Task to complete: Transcribe the listing below exactly, leaving out each image.

Dataset extract:
_ _ _ _ _

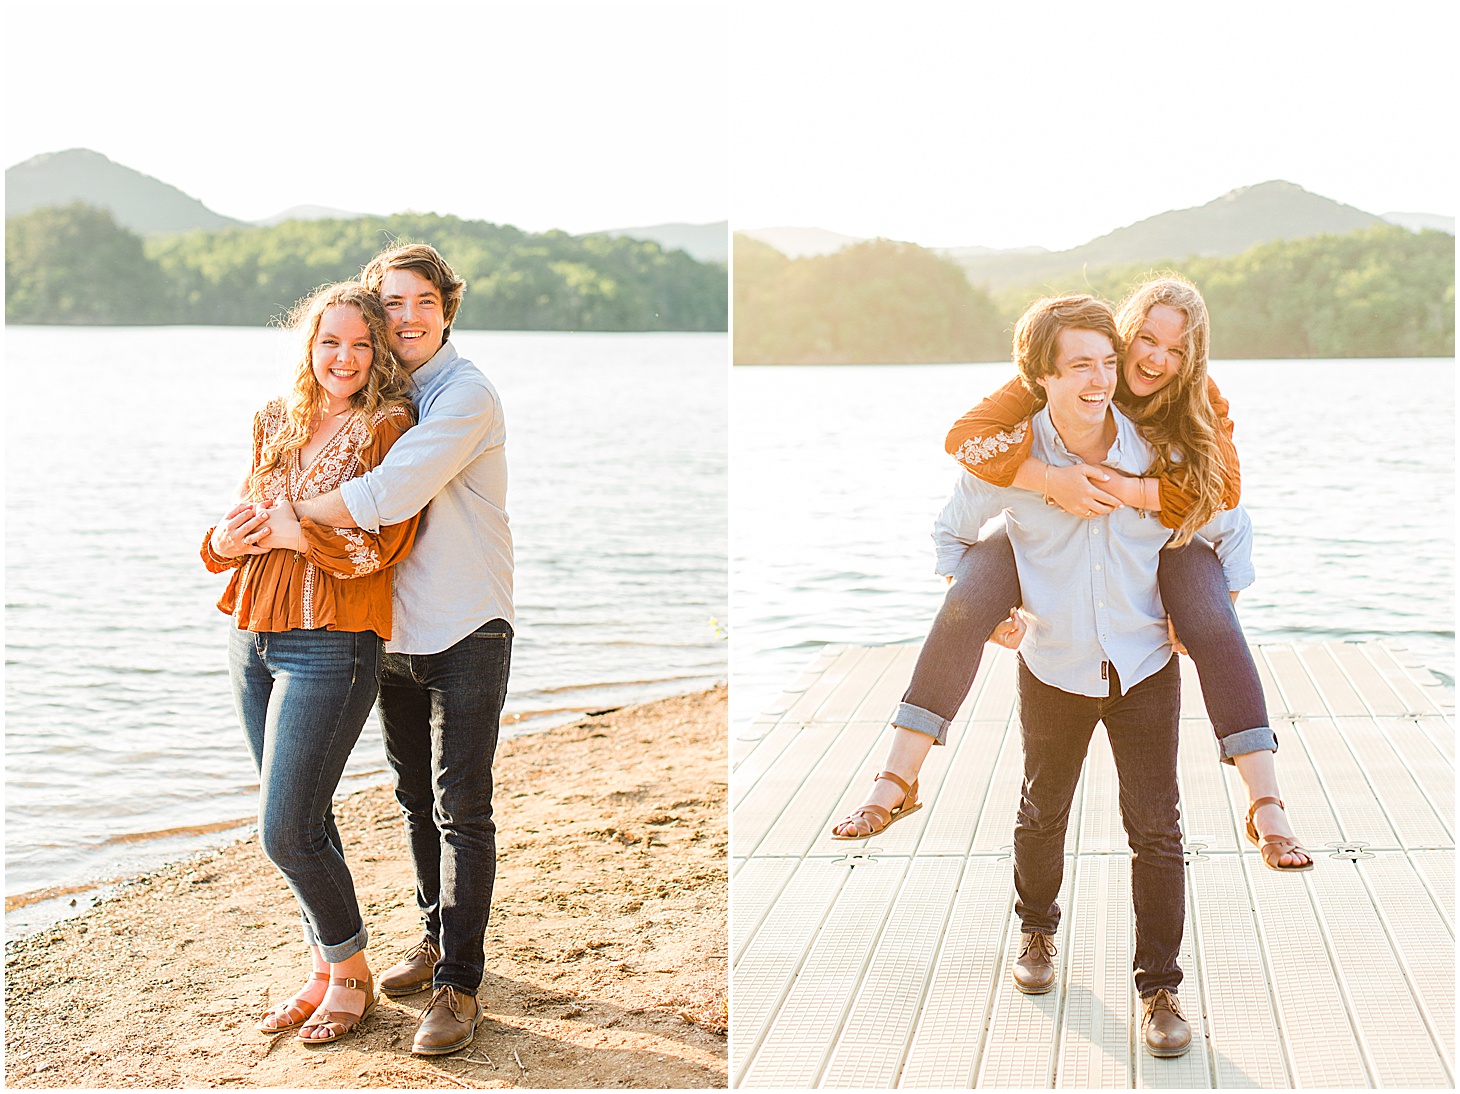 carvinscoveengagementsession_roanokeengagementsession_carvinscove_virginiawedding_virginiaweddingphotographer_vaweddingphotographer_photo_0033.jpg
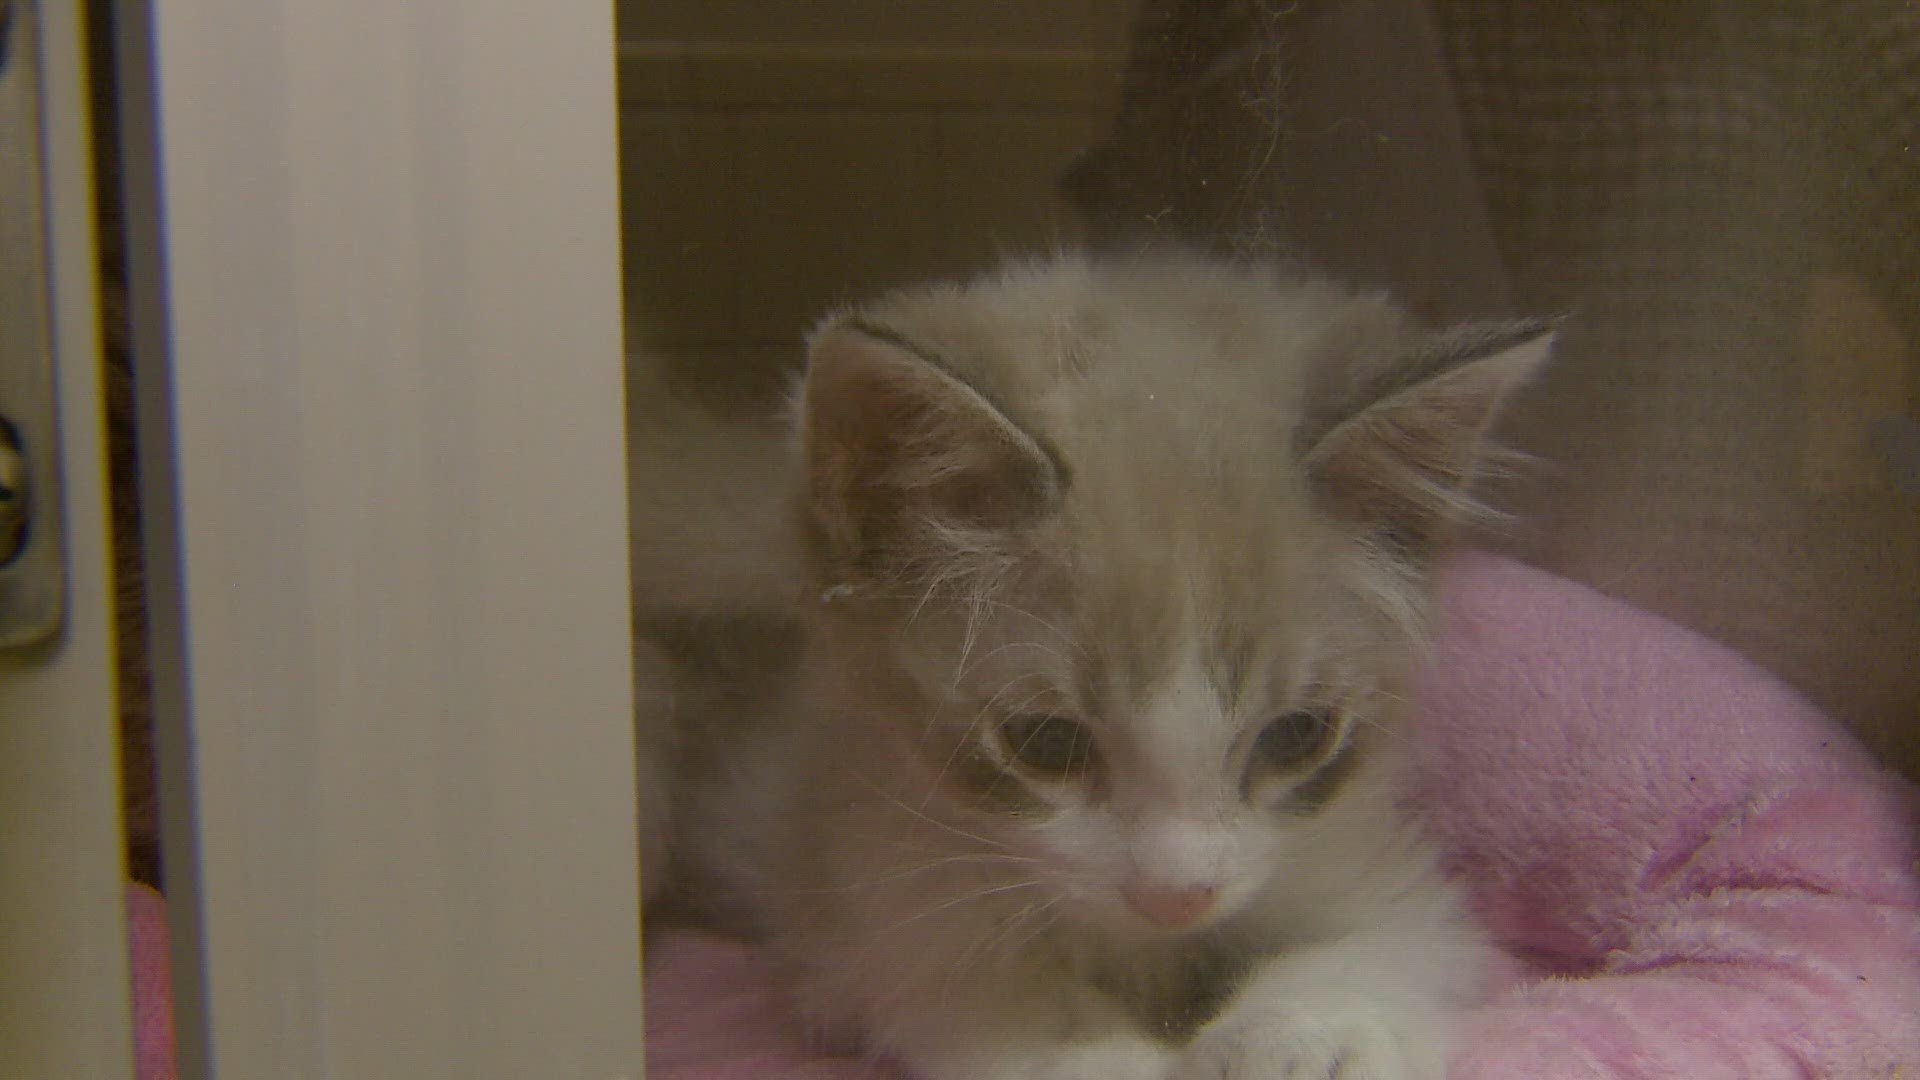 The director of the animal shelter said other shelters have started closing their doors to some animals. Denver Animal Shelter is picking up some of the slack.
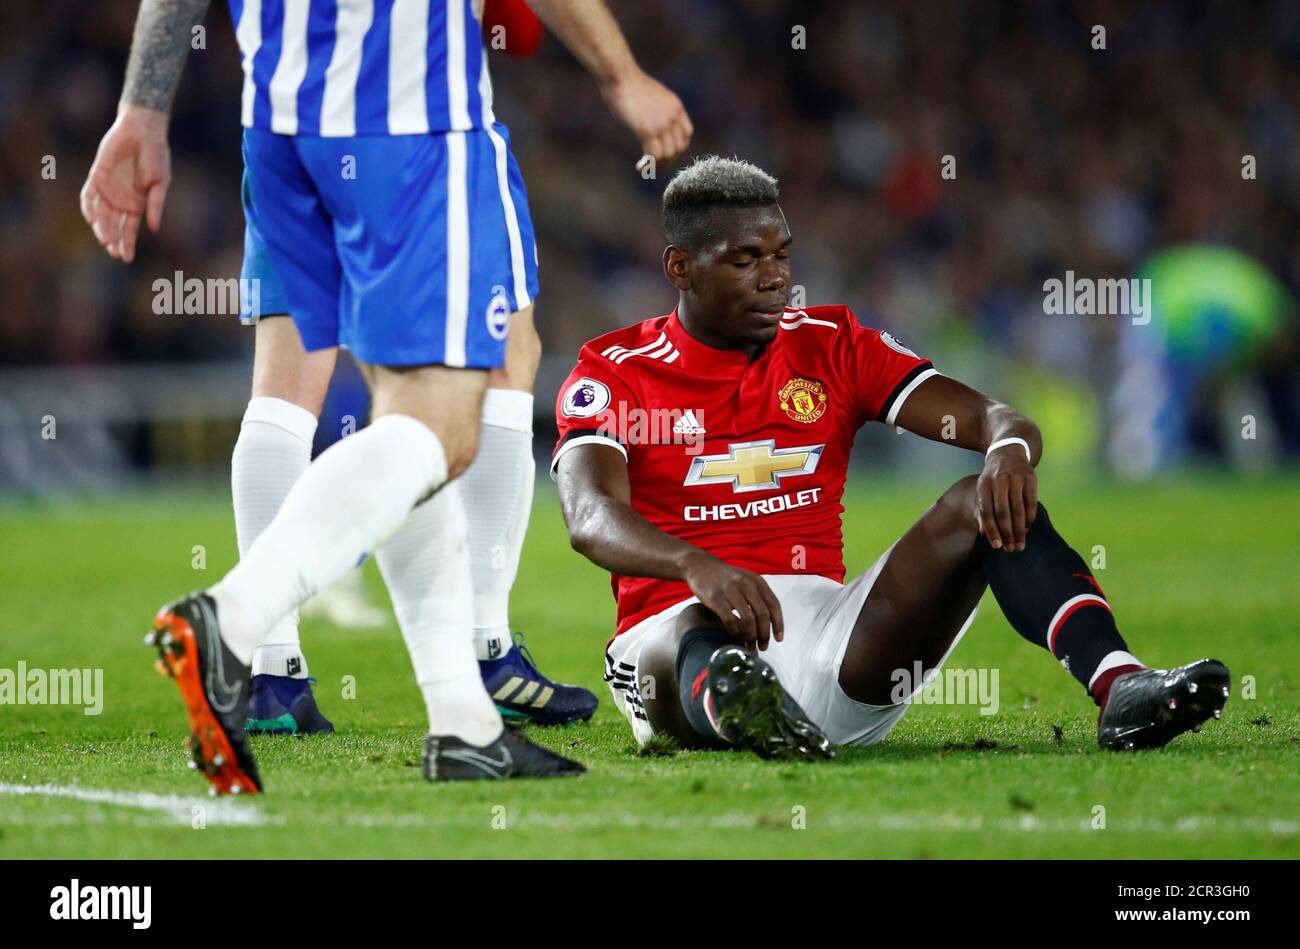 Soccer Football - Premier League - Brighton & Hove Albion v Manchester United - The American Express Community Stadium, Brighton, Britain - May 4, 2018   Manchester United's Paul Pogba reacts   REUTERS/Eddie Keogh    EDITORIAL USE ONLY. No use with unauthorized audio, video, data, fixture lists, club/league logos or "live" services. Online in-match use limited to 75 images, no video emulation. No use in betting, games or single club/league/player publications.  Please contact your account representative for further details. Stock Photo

_ _ _ _ _

Written solution:
 carvinscoveengagementsession_roanokeengagementsession_carvinscove_virginiawedding_virginiaweddingphotographer_vaweddingphotographer_photo_0033.jpg
 The director of the animal shelter said other shelters have started closing their doors to some animals. Denver Animal Shelter is picking up some of the slack.
 Soccer Football - Premier League - Brighton & Hove Albion v Manchester United - The American Express Community Stadium, Brighton, Britain - May 4, 2018   Manchester United's Paul Pogba reacts   REUTERS/Eddie Keogh    EDITORIAL USE ONLY. No use with unauthorized audio, video, data, fixture lists, club/league logos or "live" services. Online in-match use limited to 75 images, no video emulation. No use in betting, games or single club/league/player publications.  Please contact your account representative for further details. Stock Photo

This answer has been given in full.